Мой взгляд скользит по рукам мужа на руле. Широкие кисти, коротко подстриженные ногти, дорогие часы, подарок «от партнеров» на его юбилей. Эти руки когда-то строили наш дом, качали маленькую Настю, согревали меня в промозглые вечера, успокаивали и гладили по голове, когда я раскисала или болела... Когда они перестали быть нежными, страстными, любящими…родными, моими!

Рядом со мной сидит Настя, прижавшись лбом к холодному стеклу, рисует пальцем на запотевшем стекле грустную мордочку корги. Нашего Коржика. Костино «нельзя» прозвучало для нее как приговор, совершенно без объяснений, без права на апелляцию. Её краски остались дома, мазки на холсте застынут незавершенными, как и всё в последнее время, что было связано с радостью.

Настя любила творить, как она говорила в потоке, именно тогда ее талант раскрывался, а теперь…картина останется брошенным холстом с ненаписанным пейзажем.

Впереди, на пассажирском сидении, старшая Катя щебечет без умолку, тыча в отца экраном телефона.


— Пап, смотри, какое Виола платье выбрала! Просто бомба! А Иван рядом, – Катя прищелкнула языком, — такой красавчик, ведь правда?
Её восторженный голос режет слух, она говорит с отцом на одном языке, языке больших денег, статуса, показной роскоши, языке, на котором мы с Настей давно разучились говорить.

Машина плавно катится по шоссе. Катя продолжает листать фото. Я ловлю в зеркале заднего вида взгляд мужа. Он смотрит не на меня. Не на дорогу. Он смотрит на фото Виолы в свадебном платье. И в его глазах я вижу не одобрение взрослого мужчины, а что-то другое, что-то острое, личное, отчего у меня сжимается живот в районе солнечного сплетения.

И еще эта странная спешка Елены... Почему приглашение для нас прозвучало всего за неделю? Её голос в скайпе был каким-то сдавленным, напряженным и таким виноватым, даже заискивающим…

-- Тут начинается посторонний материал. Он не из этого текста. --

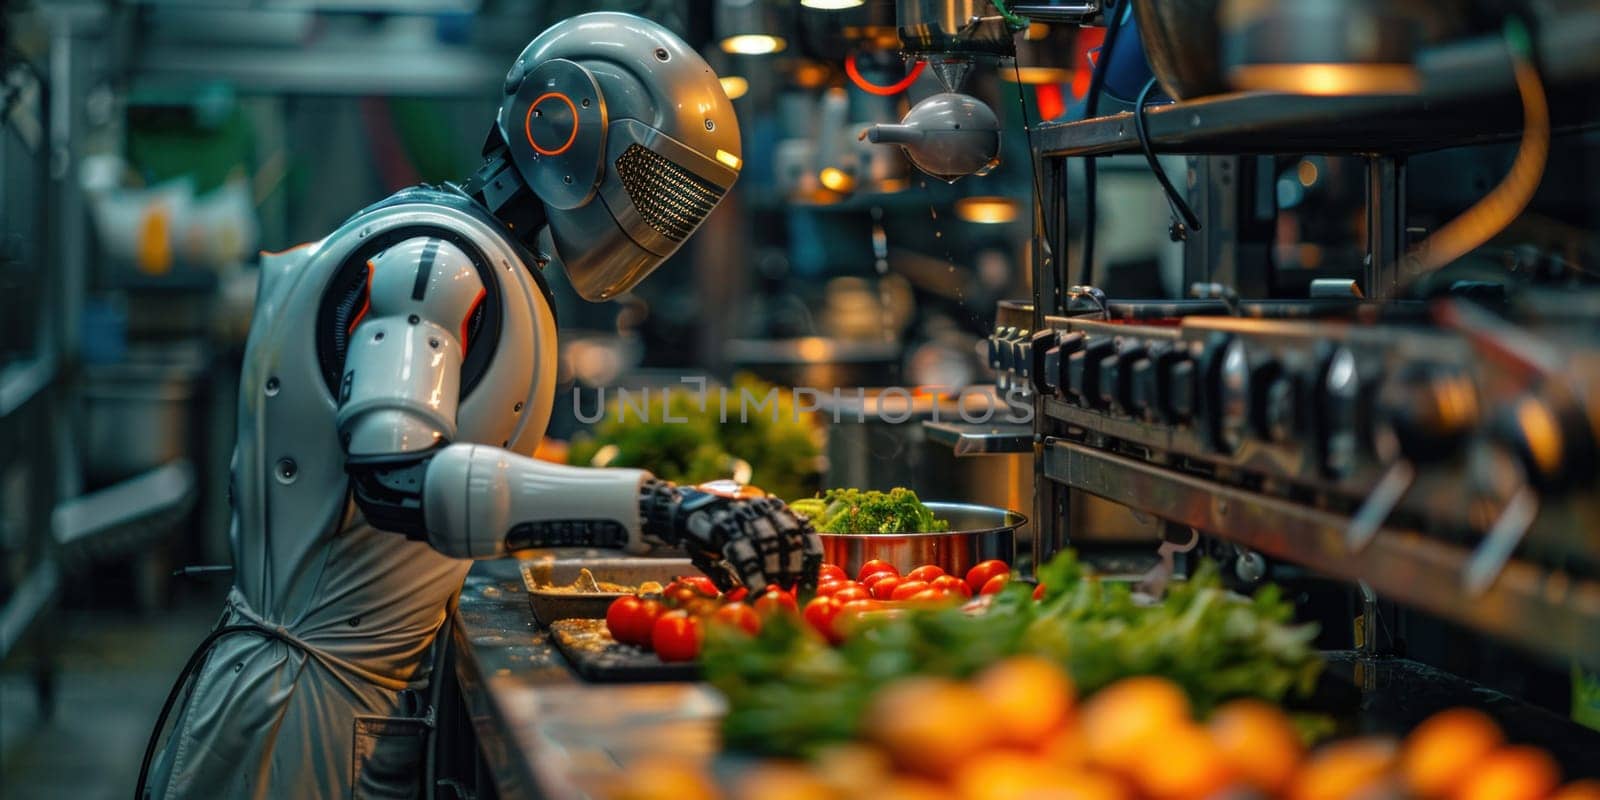 A robot is seen cooking in a kitchen, handling ingredients and using kitchen appliances to prepare a meal.

«Лера, нам так важно, чтобы вы были... Твой Константин эм…Николаевич точно свободен?» Она не смотрела в камеру, отводила взгляд, будто на стене за моей спиной было что-то очень интересное и важное для нее. И еще она никогда не называла ранее Костю по имени отчеству… А тут..., к чему бы это?

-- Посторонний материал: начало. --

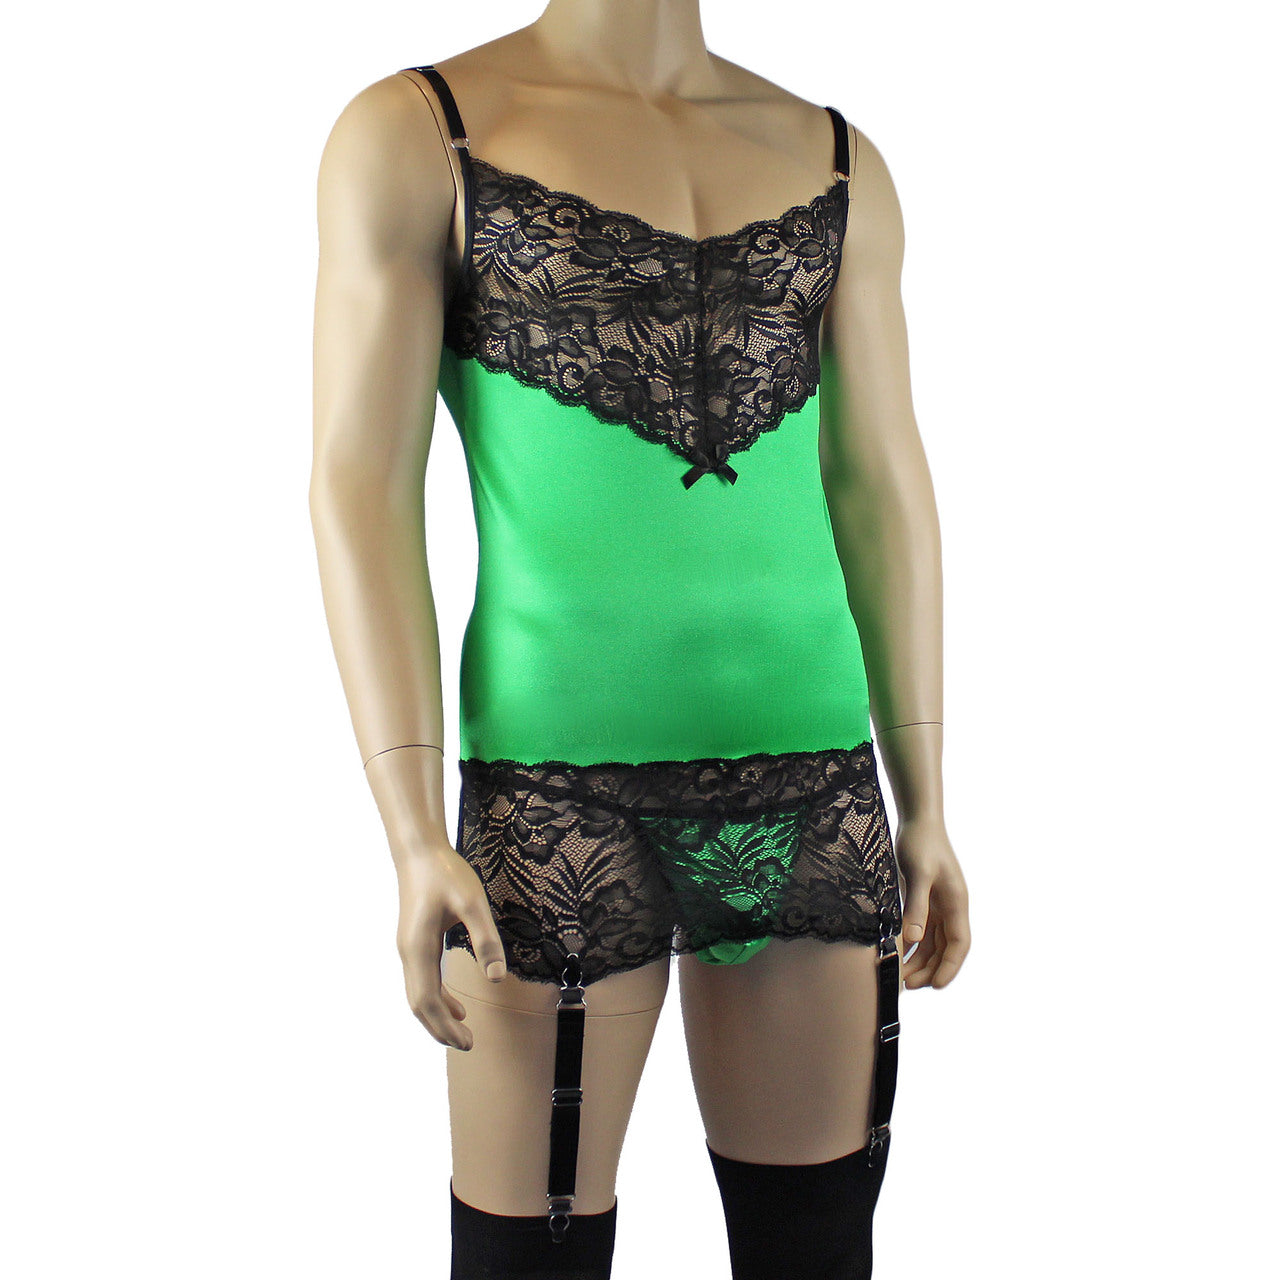 Mens Risque Camisole Mini Dress Chemise, G string & Stockings Green & Black

Она, которая всегда говорила громко, смеялась раскатисто и хлопала меня по плечу. Моя подруга, с которой мы прошли институт, не одну сессию, преддипломную практику, а потом наши свадьбы, и дальше роды, крестины детей... Куда это всё делось?

Лена судорожно рассказывала про ресторан, про цветы, но в её словах не было счастья и восторга. Была какая-то металлическая нотка обязанности, как будто она зачитывала текст под дулом пистолета. «Вы обязательно приезжайте, хорошо? Все будут...» — и тут она замолчала, будто споткнувшись, засуетилась и быстро попрощалась. вышла поспешно из сети.

И сейчас, глядя на коротко подстриженный затылок мужа, на то, как напряглась его шея, когда Катя показала очередное фото, все эти кусочки складываются в ужасную, абсурдную картину из невероятных пазлов. Картину, в которую я отказываюсь верить, но тревога уже билась в висках навязчивым, неумолимым ритмом, под который уже не спляшешь на свадьбе.

А Елена... моя дорогая подруга Ленуся.. похоже она в этом участвует. Не спроста та, что была со мной всегда откровенна до нельзя, резко отводит глаза. Что-то тут не так, я чувствую это нутром, всем своим существом ощущаю угрозу, висящую в воздухе…


Но пока мы сидим в автомобиле, с виду наша семья вполне себе респектабельная, вполне себе обеспеченная и … я должна поддерживать статус мужа, чего бы мне это ни стоило.

– Пап, а давай айфон, что ты купил подарю Виоле я, мама пусть дарит это беленькое постельное белье, Настька вручает фужеры Ивану, а ты подаришь путевку в Таиланд. Будет круто!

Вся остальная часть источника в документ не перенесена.